I would suggest using the radius at the perihelion (closest approach). In the classical approximation this is r = alpha / ( 1 + epsilon). The astronomers usually give alpha and epsilon. The orbital velocity is the relativistic velocity:

v = gamma (X dot squared + Y dot squared) power half

If the code gives X dot and Y dot then v can be calculated. To start with the parameters which you used to get a precessing ellipse can be adjusted to give a precession of 39 degrees per orbit. I agree that the problem could be worked out entirely without adjustables. To start with data can be used in the solar system, where orbits are known with precision, r is known at the perihelion, and M is the mass of the sun.

To: EMyrone@aol.com

Sent: 11/04/2017 19:54:05 GMT Daylight Time

Subj: Re: PS Numerical Estimate of the Precession in Quasar OJ287

The precession angle per orbit must be determined by some additional code from the numerical solution.

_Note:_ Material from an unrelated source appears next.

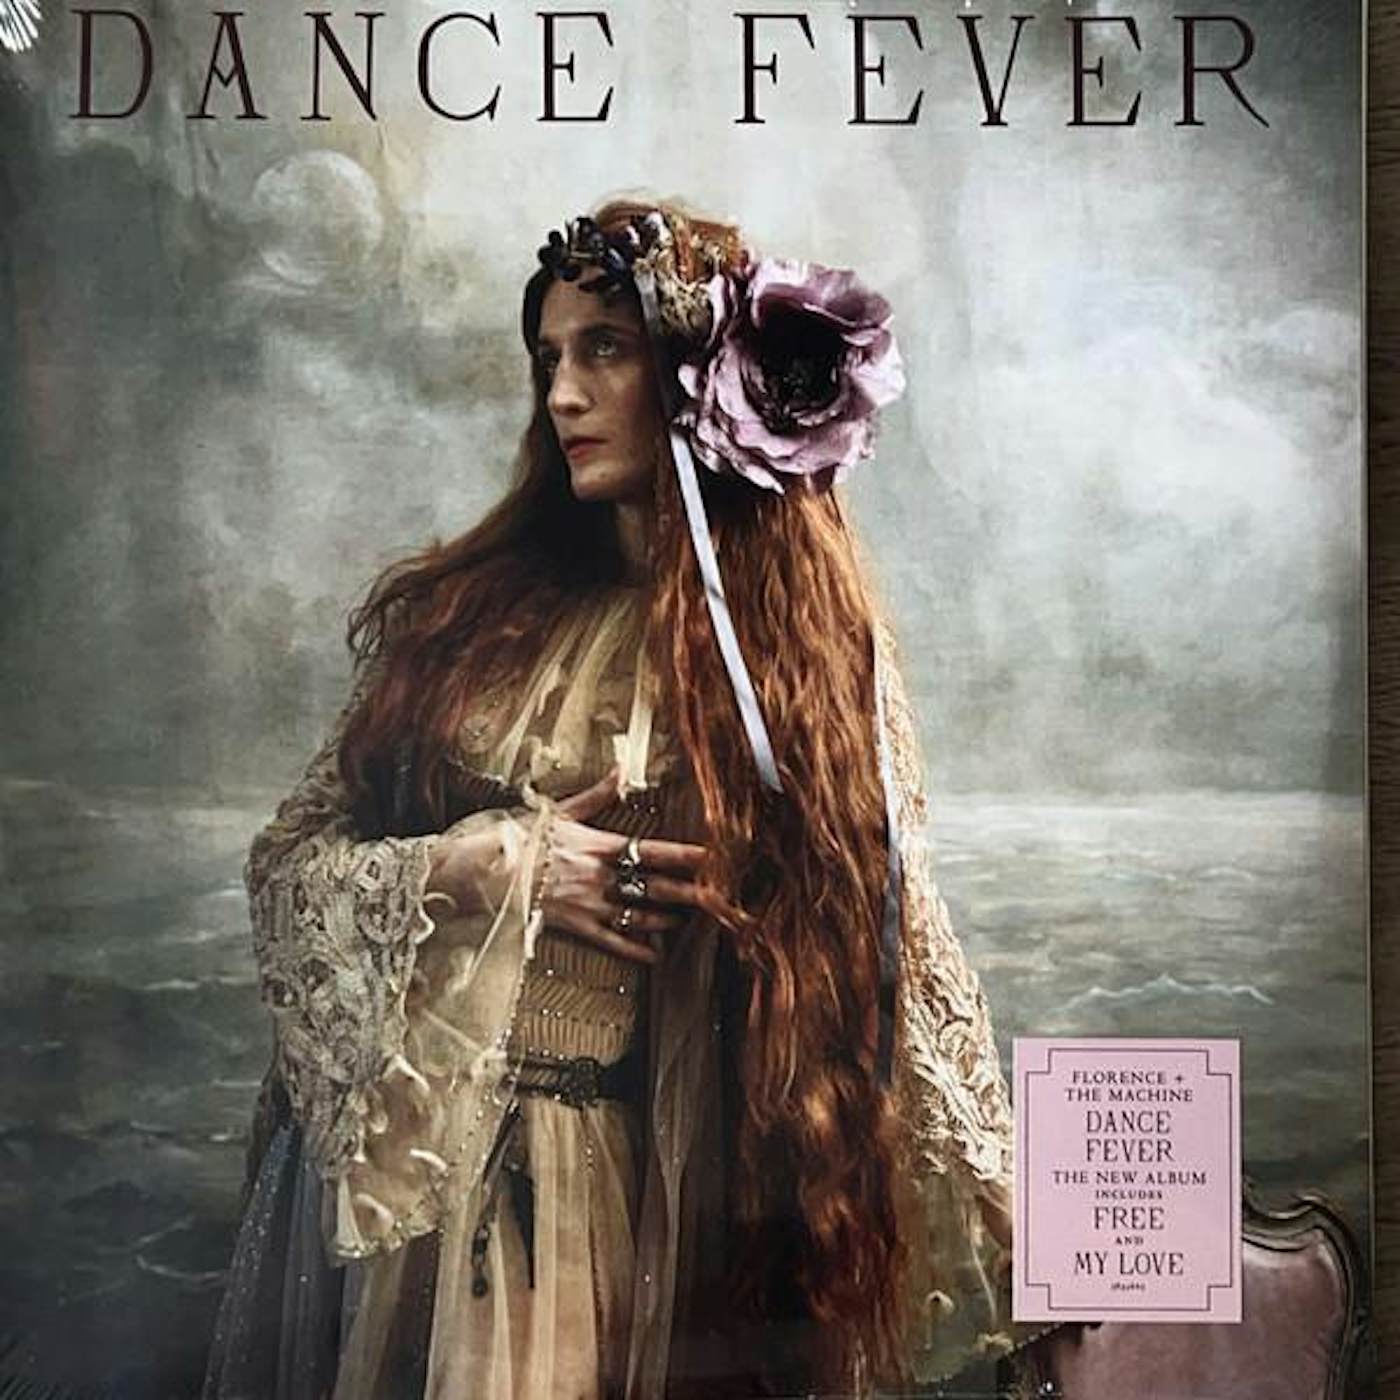 Florence + The Machine Dance Fever Vinyl Record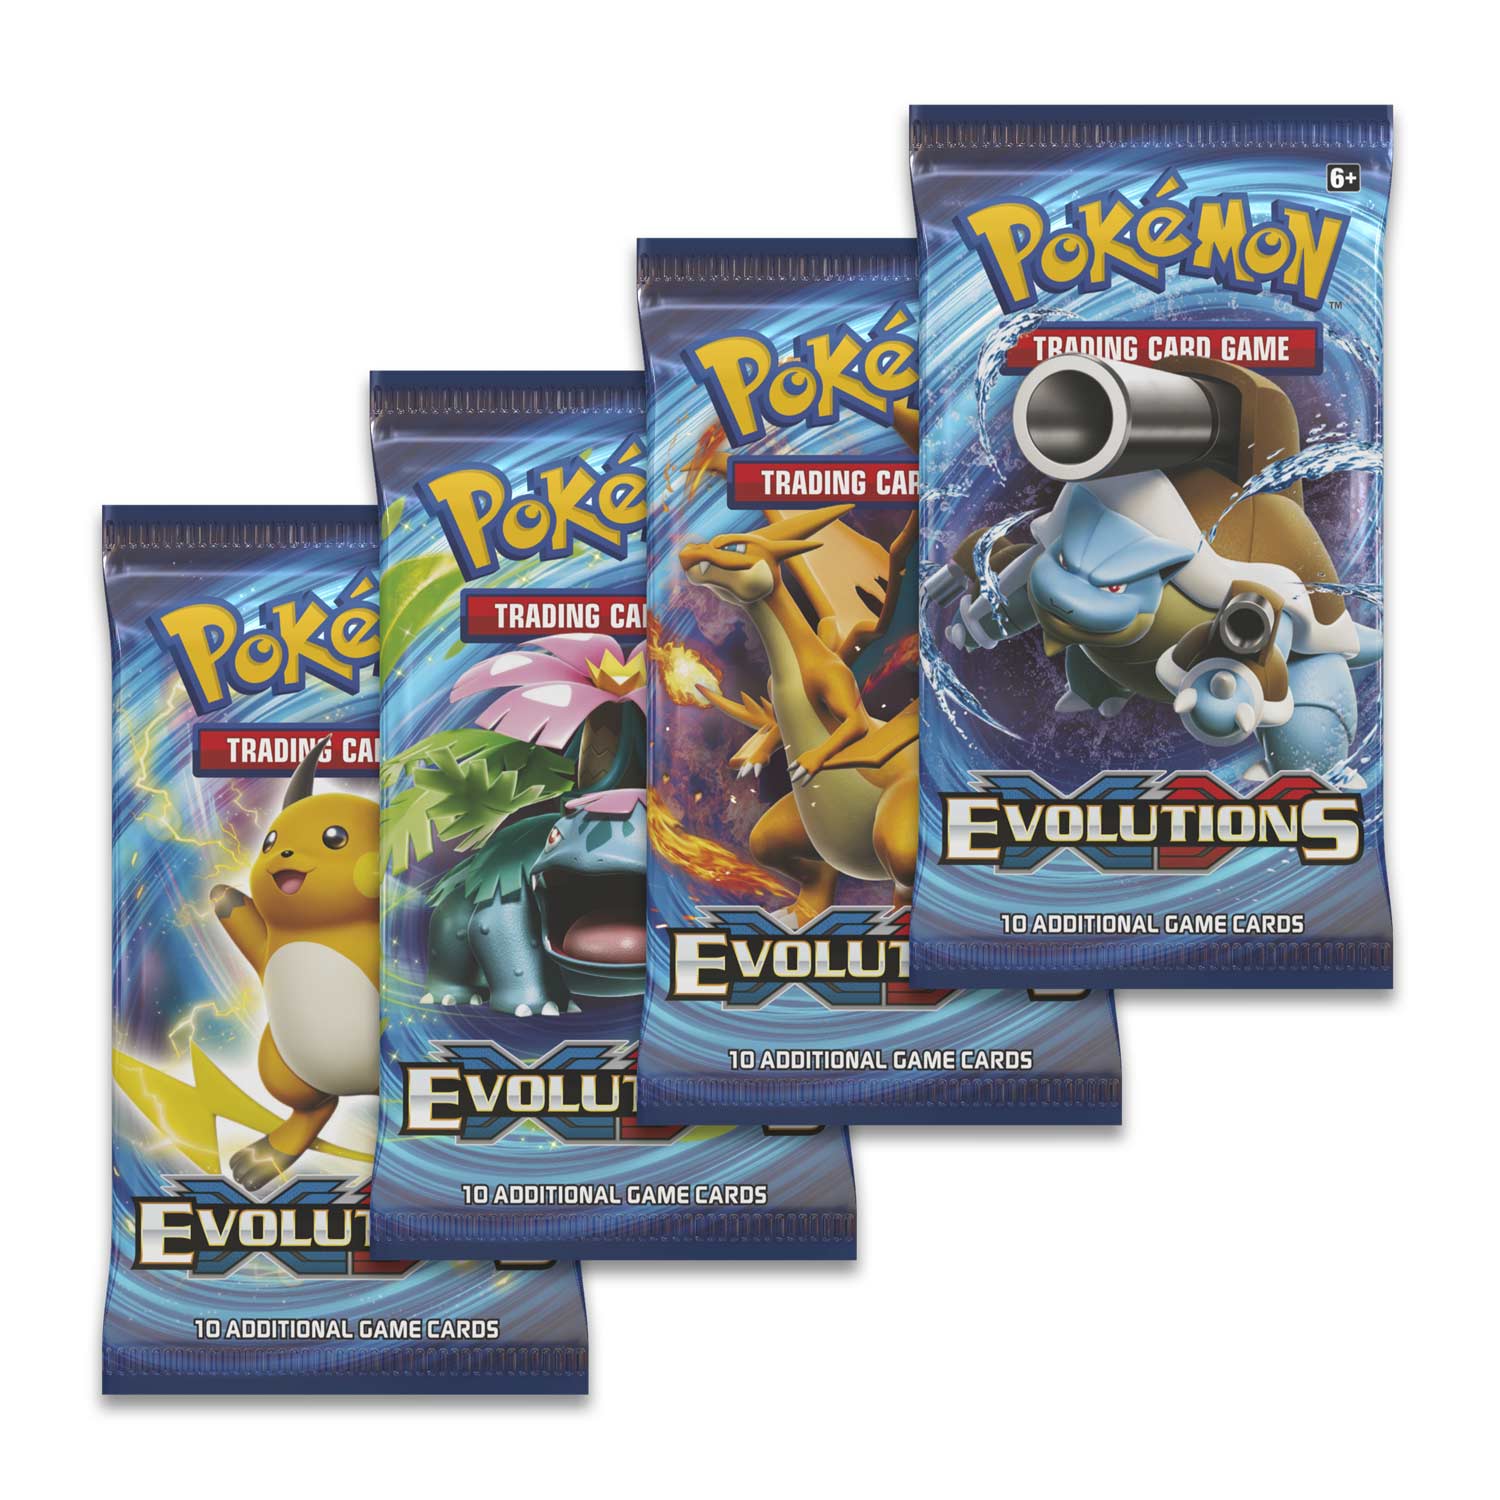 ORIGINAL and SEALED all artworks Pokemon XY Evolution Booster-ENGLISH

The relativistic method is a first-principles method in the sense that no adjustable parameters are needed. We need the orbital radius and the velocity of the mass m at a certain point of time. If M is not known, we can use it to adjust the precession angle to the observed value.

Horst

Am 11.04.2017 um 10:58 schrieb EMyrone:

With such a large precession of 39 degrees per orbit, many orders of magnitude bigger than in the solar system, it should be possible to adjust conditions to use the experimentally observed mass M to find the precession numerically, and to measure it graphically. The new equation of motion is:

r bold double dot = (gamma MG / r cubed) ( v bold (v bold dot r bold) / c squared – r bold

so only M is used. Here gamma is the Lorentz factor. It is not clear how the astronomers estimated M. The above equation can be used to find M by matching the experimentally observed precession of 39 degrees per orbit to the theoretical result. The equation is not soluble analytically but this is no problem because the numerical solution is very precise.